Charaktere: Auch zu den Charakteren der 2.Staffel kann ich nicht viel mehr sagen, als ich in meinem Review zur 1.Staffel bereits erwähnt haben, da sie sich im Grunde nicht verändert haben und auch keine wirklich "allzu" wichtige neuen hinzugekommen sind. Diese Tatsache mag zwar vielleicht etwas ernüchtern klingen, aber es sei soviel gesagt, dass die Charaktere, die es seit 1.Staffel gibt, meiner Meinung nach ihre Sache wirklich sehr gut machen. Auch die Tatsache, dass Shana eine meiner absoluten Lieblings-Animecharakteren ist, gibt SnS2 schon mal einen Bonus von meiner Seite, da ich sie wirklich gern hab. Was ich auch noch erwähnenswert finde, ist, dass Yuji in dieser Staffel gegen Ende hin wirklich auch endlich mal in der Lage ist sich zu wehren und zu kämpfen. ^^
Animationen und Musik: Die Animationen und der Zeichenstil sind wie bei der 1.Staffel sehr gut. Ich liebe diese Augen immer noch. ^^ Und auch die Musik ist wie von der 1.Staffel gewohnt sehr gut. Beide Openings und die BGM-Stücke gefallen mir sehr gut.

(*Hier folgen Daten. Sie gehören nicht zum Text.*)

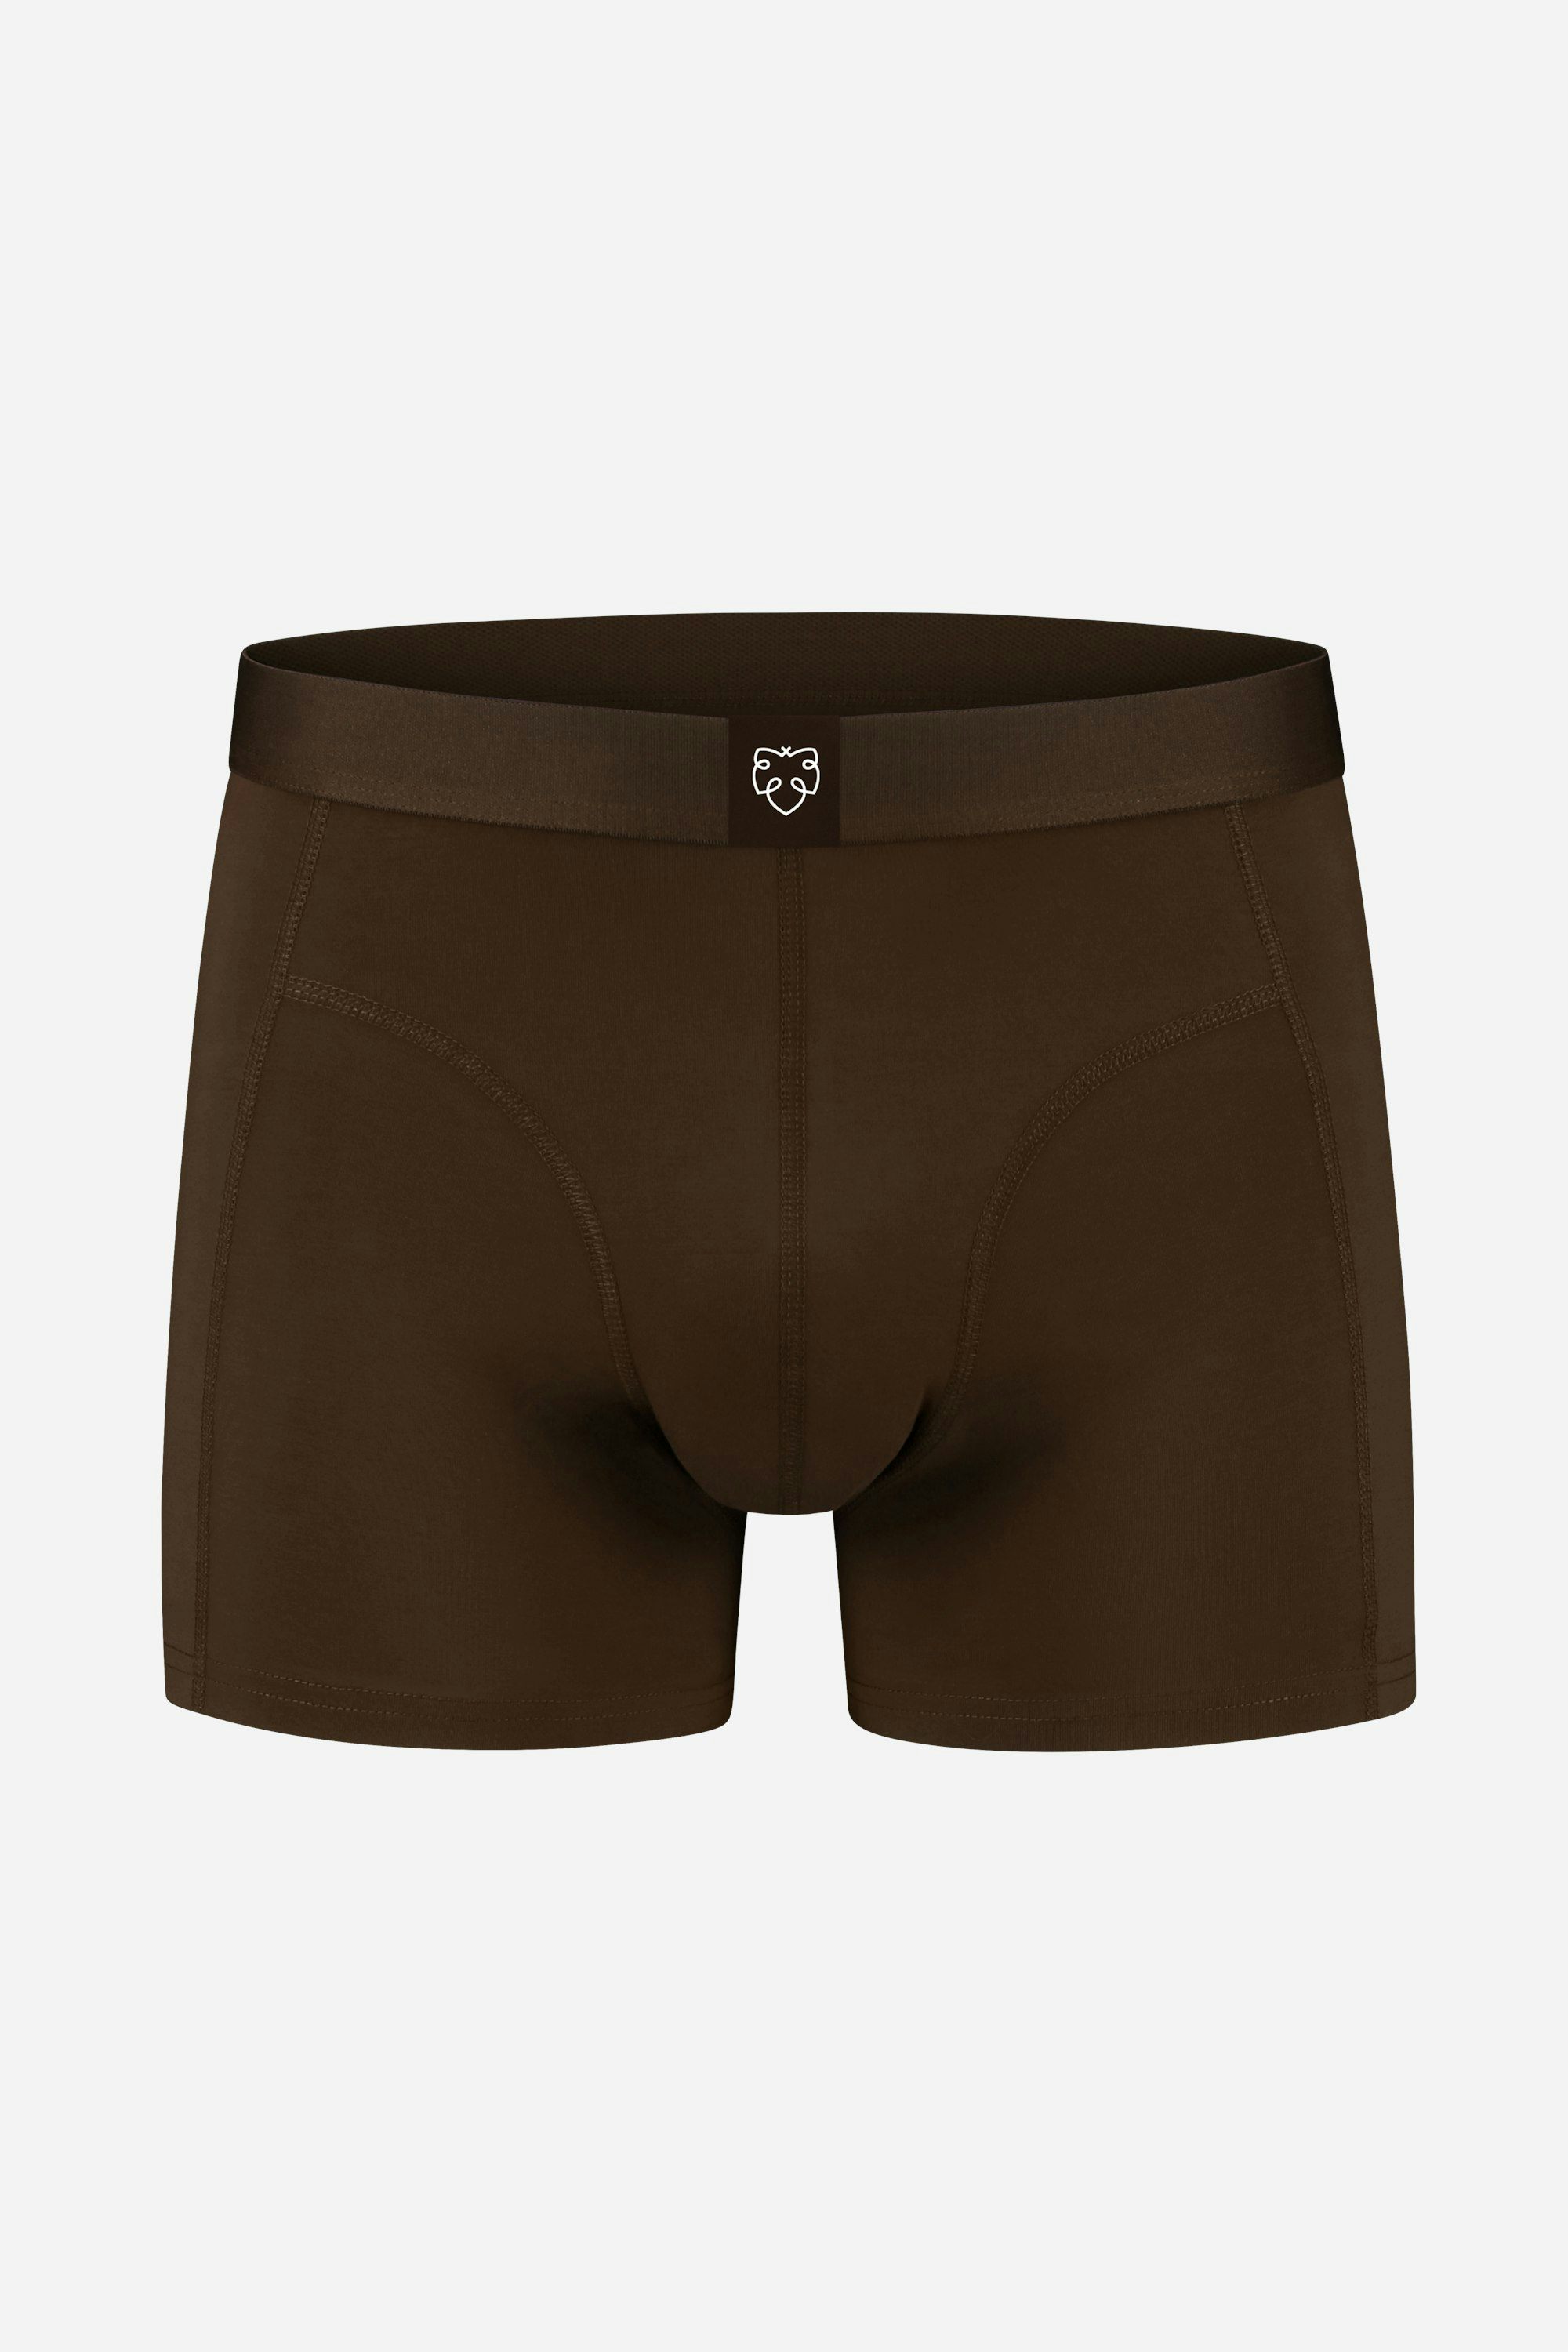 Brown, Men's Underwear, Boxers, Briefs, & Trunks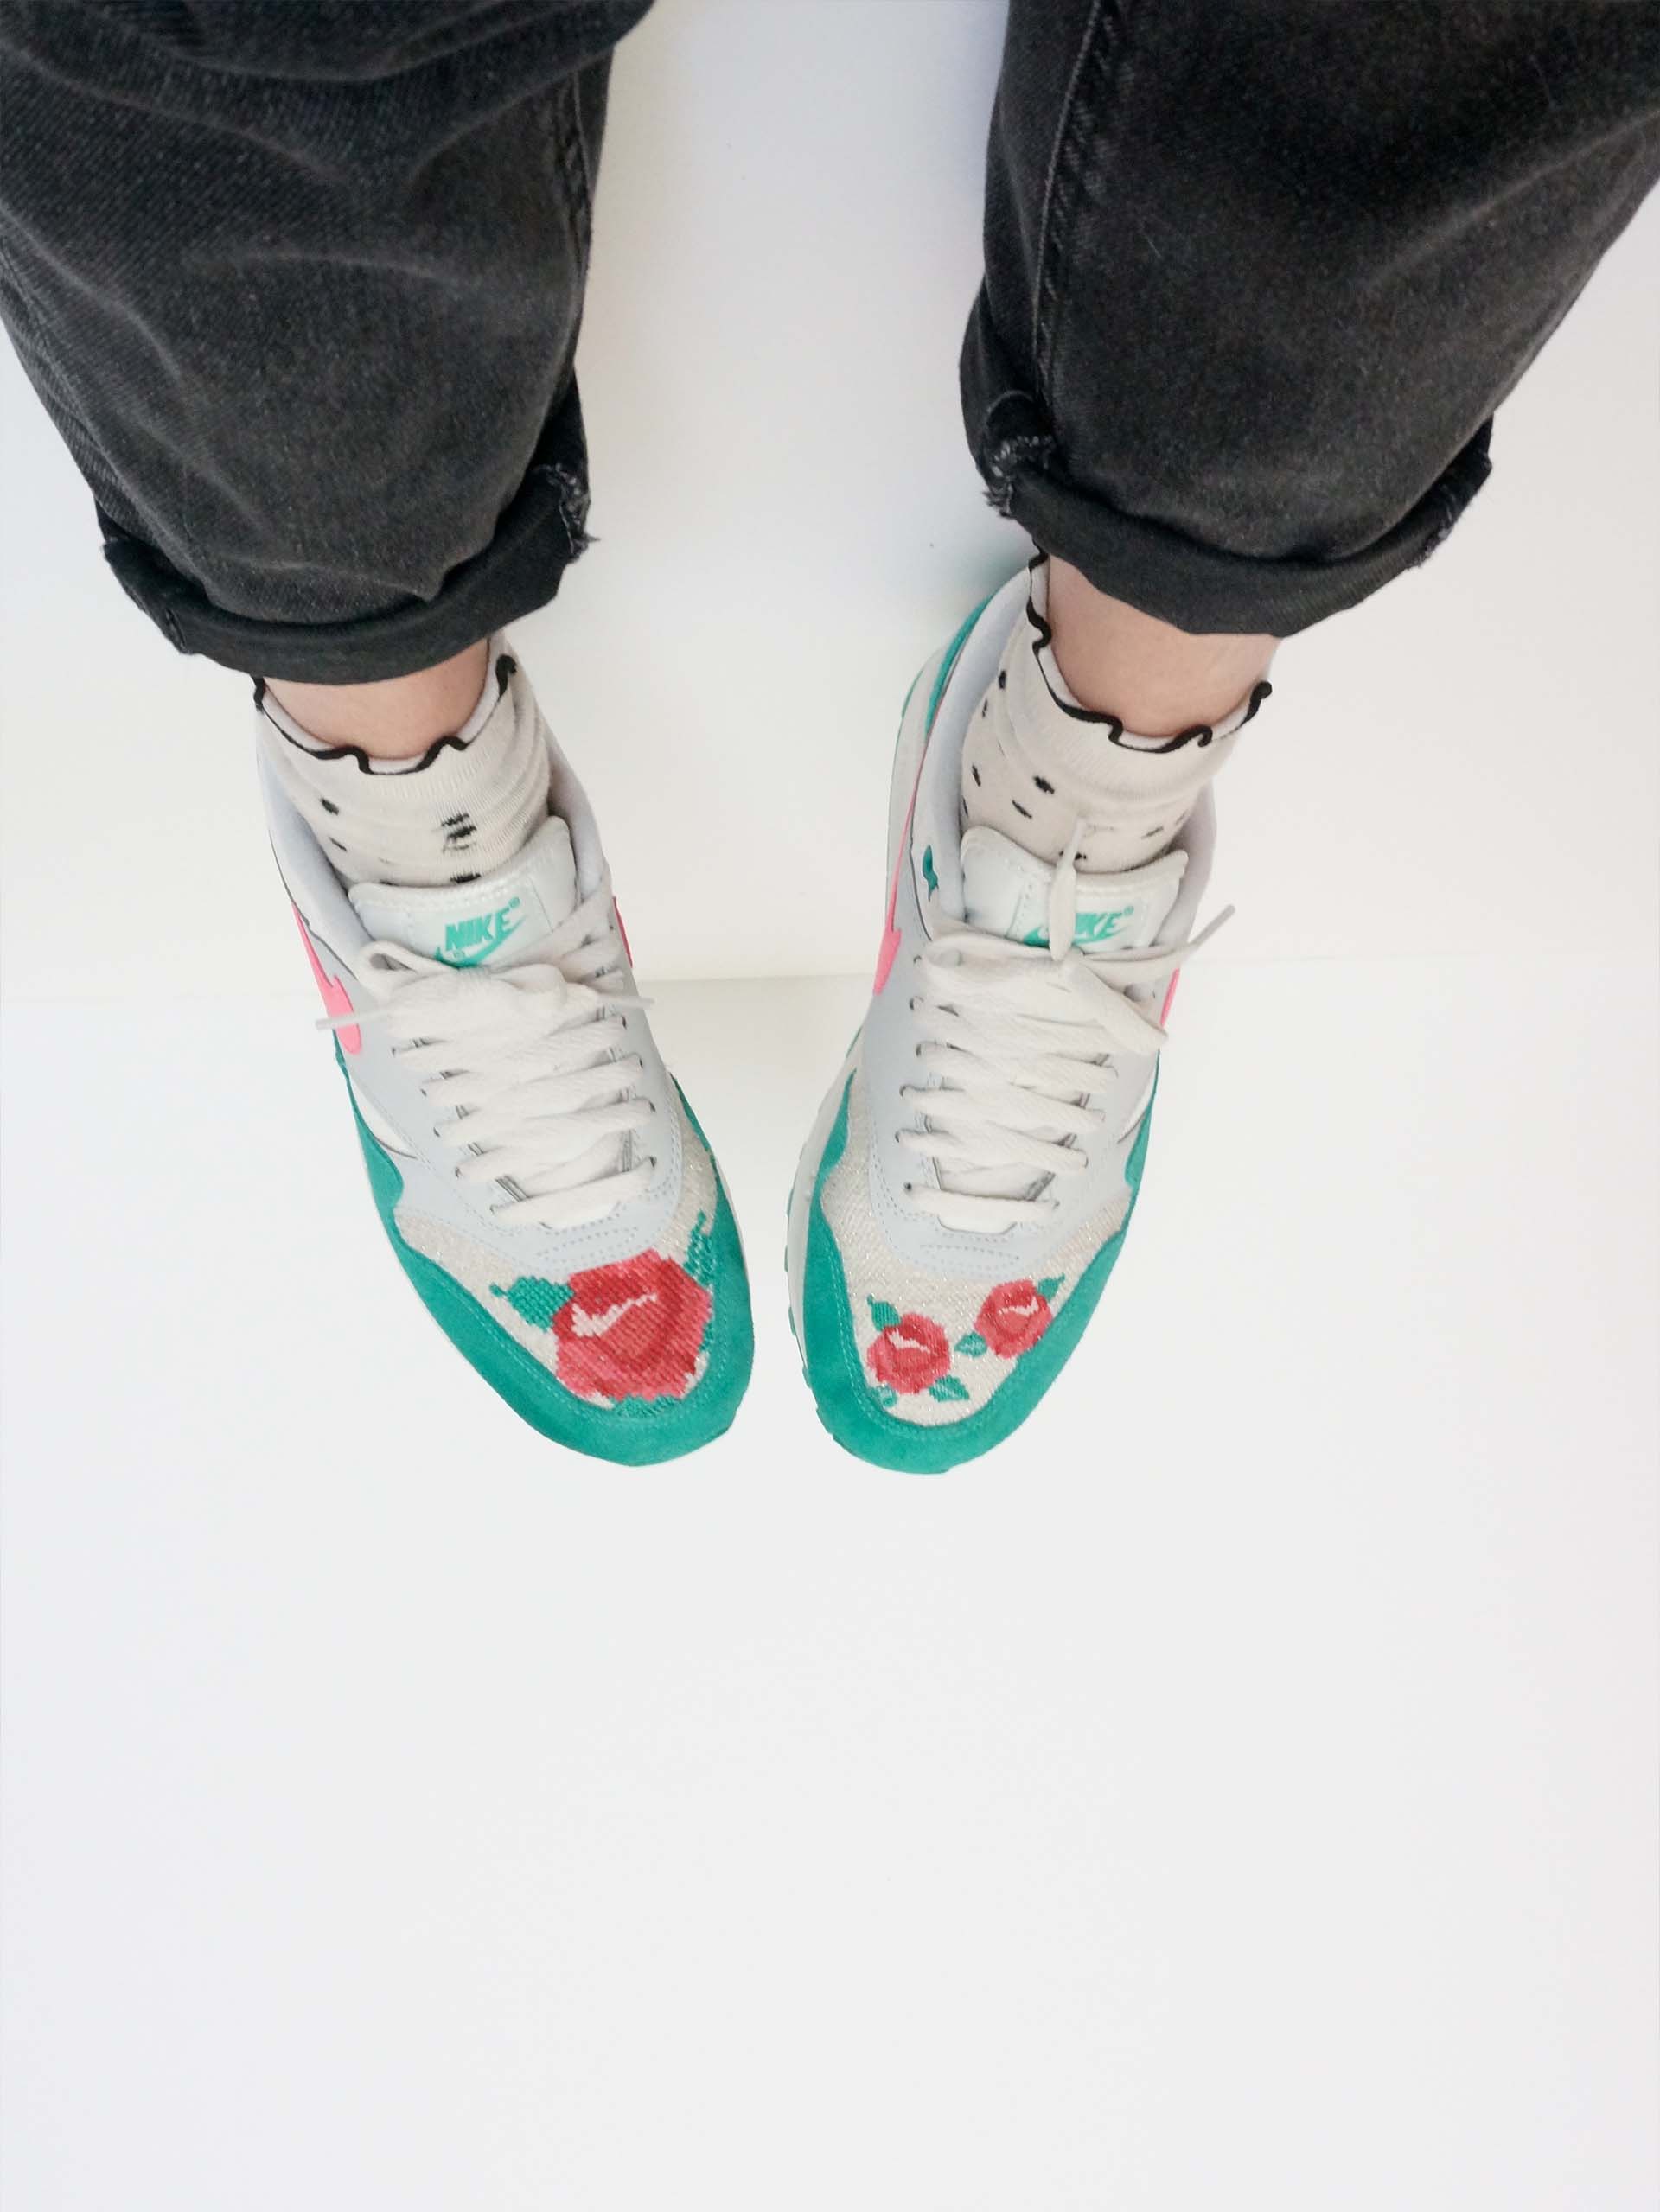 Broderie fleurs aux points de croix sur sneakers Nike Air Max 1 vertes et roses

Wahrscheinlich werden auch wieder einige hier finden, dass ich SnS2 mit 8.5 Punkten viel zu sehr überbewerte, aber auch hier gilt für mich immer noch dasselbe, dass mich auch schon bei der 1.Staffel zu einer guten Wertung gebracht hat und das ist die Tatsache, dass mich SnS2 wirklich gut unterhalten konnte und mir auch gefallen hat. Die 2.Staffel mag insgesamt zwar nicht an die 1.Staffel rankommen und einige Schwächen, vorallem am Anfang, aufweisen, aber ich finde sie dennoch nicht schlecht... im Gegenteil.
Fazit: Shakugan no Shana 2 mag einen etwas lahmen Start haben und braucht etwas, um in Fahrt zu kommen, aber die Story entwickelt sich im Laufe des Animes in eine wirklich spannende, actionreiche und unterhaltsame Geschichte. Fans der 1.Staffel werden die 2.Staffel im Endeffekt auch wieder sehr mögen. Mir gings zumindest so. ^^ Anschauen lohnt sich!